Please wait until I give instructions for what to do next.
Hello @dthatte, I've solved the missing pmap file issue and can run the first notebook in full. I'll make the commit that standardizes environment variable assignment for both notebooks, so don't worry about that for now.
I can run the second notebook until the "Run ImPlaneA" cell, which errors out with the traceback printed below. Have you seen this before?
---------------------------------------------------------------------------
TypeError Traceback (most recent call last)

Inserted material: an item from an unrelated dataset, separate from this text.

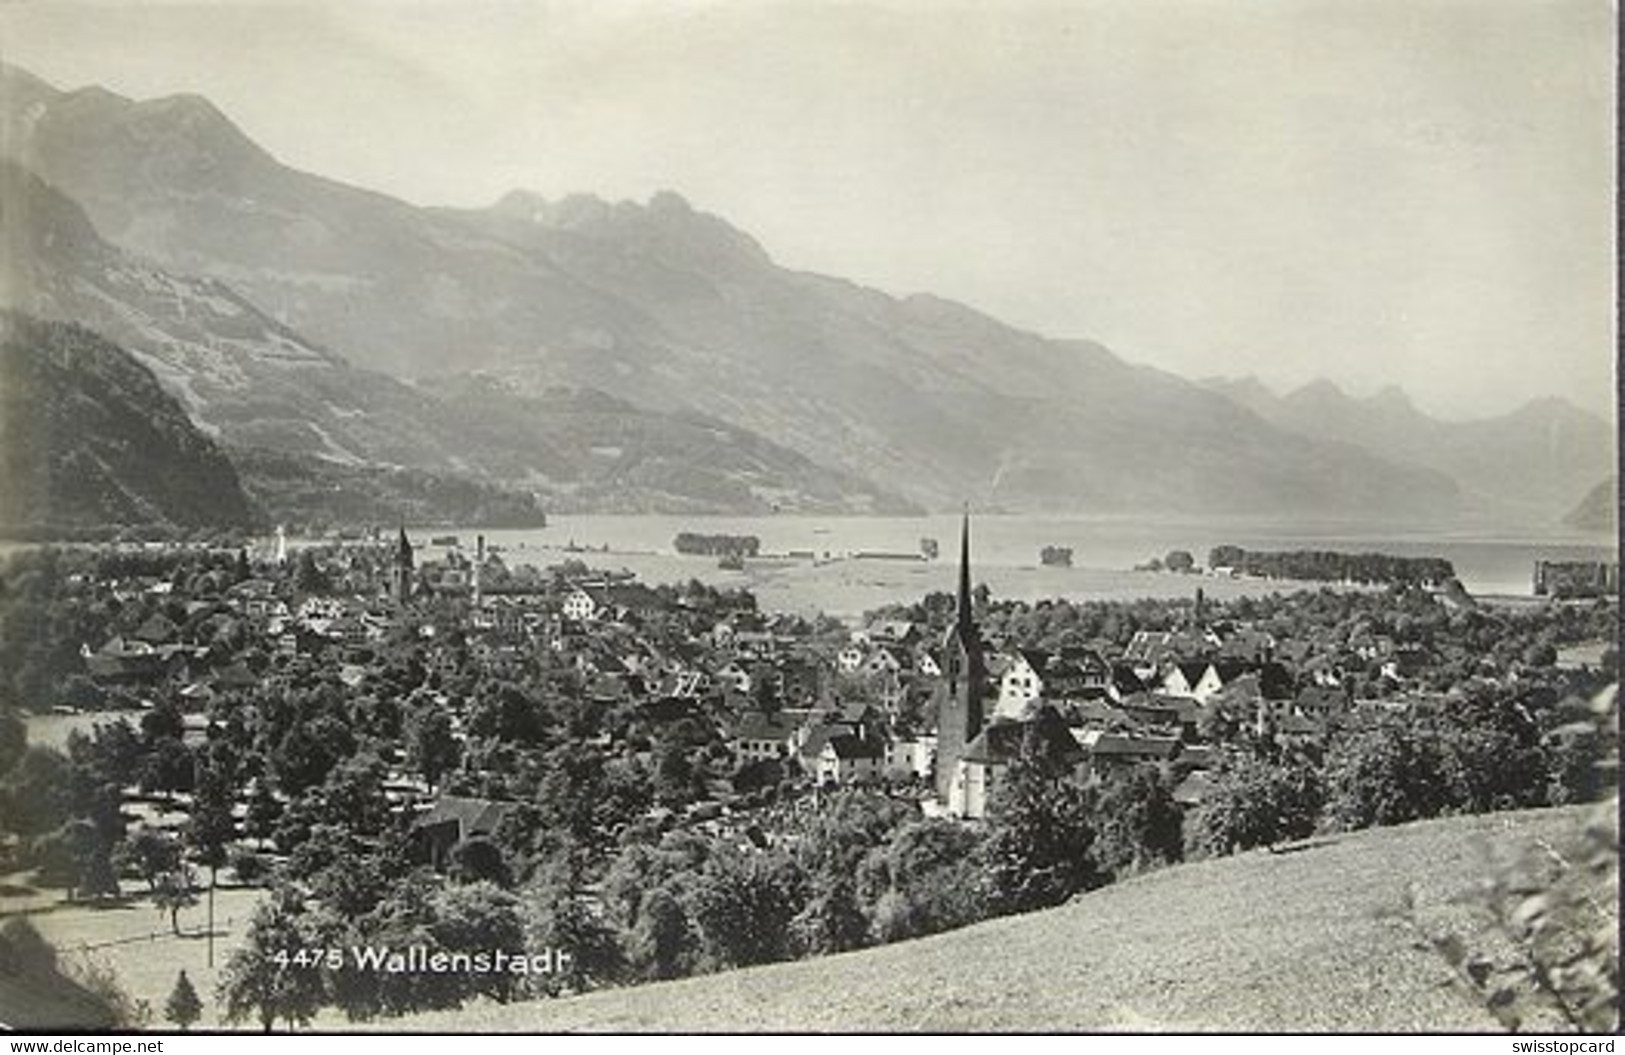 WALENSTADT 1925 No. 4475 - Walenstadt

/var/folders/ls/7lh0_8jn0ndbm6g7plbzw8n400028t/T/ipykernel_26987/2904964868.py in <module>
25 usebp = False
26
---> 27 main(fitsimdir=datasuperdir,
28 oitdir=odir+'Saveoit/',
29 oifdir=odir+'Saveoif/',
/var/folders/ls/7lh0_8jn0ndbm6g7plbzw8n400028t/T/ipykernel_26987/1277923522.py in main(fitsimdir, oitdir, oifdir, ifn, oversample, mnem, firstfew, verbose, usebp)

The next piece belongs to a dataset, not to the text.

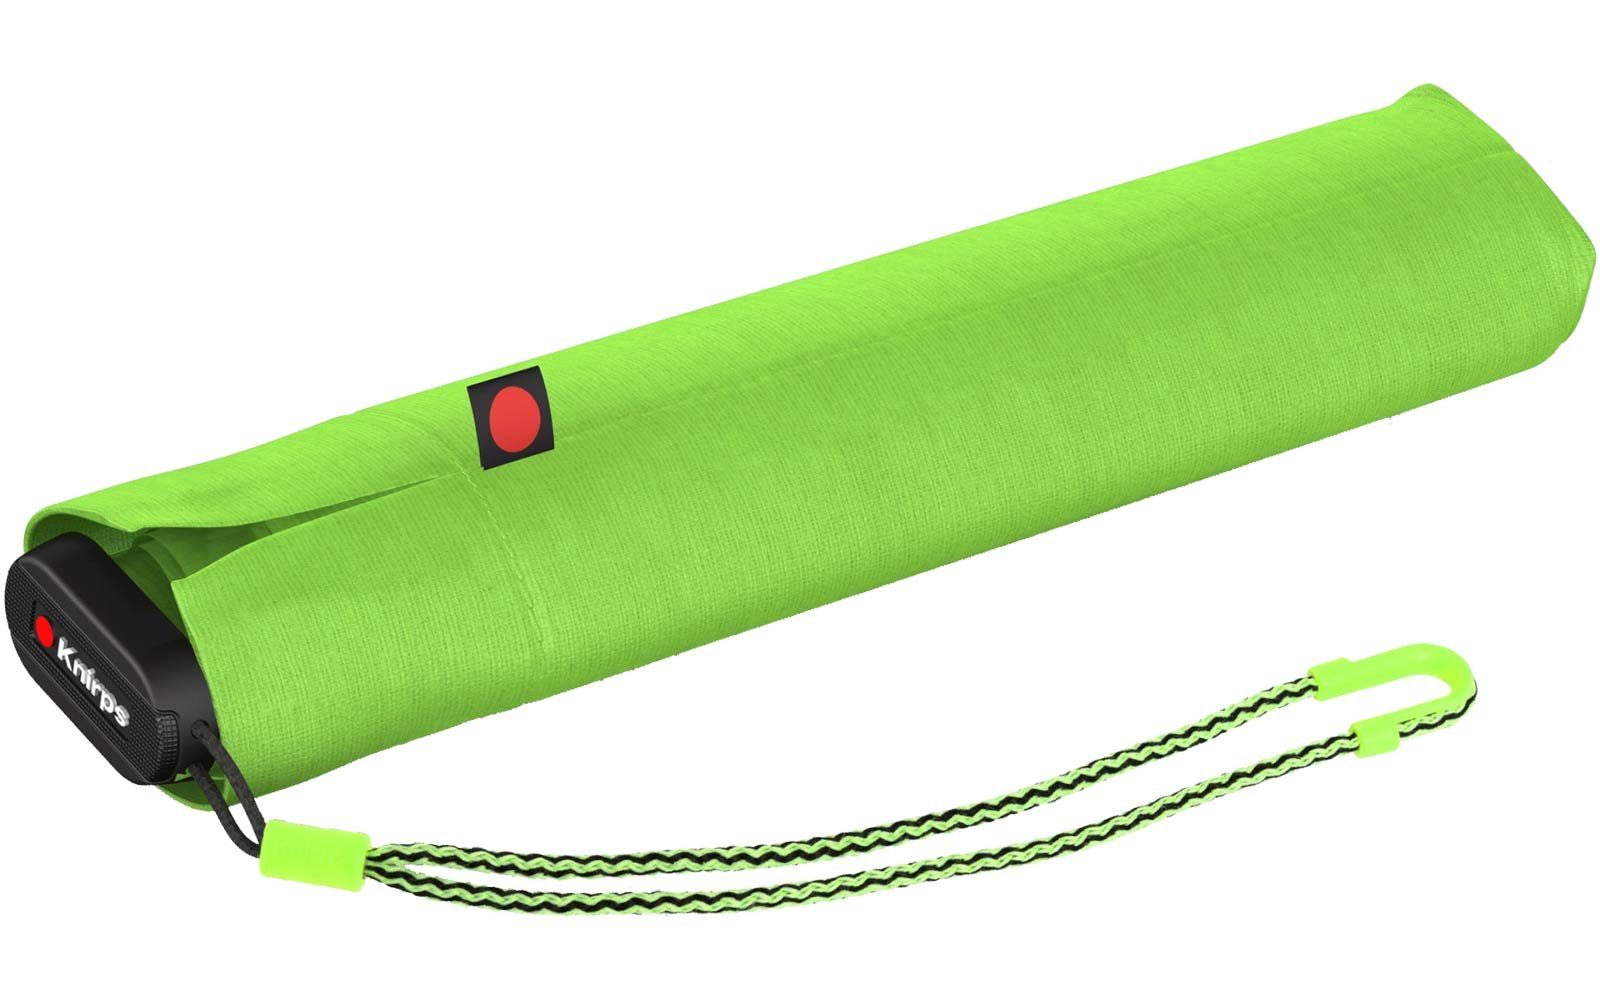 Light Manual und Neon, Taschenregenschirm grün Ultra super US.050 Knirps® kompakt - Slim leicht extrem

89 print("main: fitsimdir", fitsimdir)
90
---> 91 aff, psf_offset_r, psf_offset_ff, fringepistons = raw_observables(fitsfn=ifn,
92 fitsimdir=fitsimdir,
93 oitdir=oitdir,
/var/folders/ls/7lh0_8jn0ndbm6g7plbzw8n400028t/T/ipykernel_26987/1277923522.py in raw_observables(fitsfn, fitsimdir, oitdir, oifdir, affine2d, psf_offset_find_rotation, psf_offset_ff, rotsearch_d, set_pistons, oversample, mnem, firstfew, usebp, verbose)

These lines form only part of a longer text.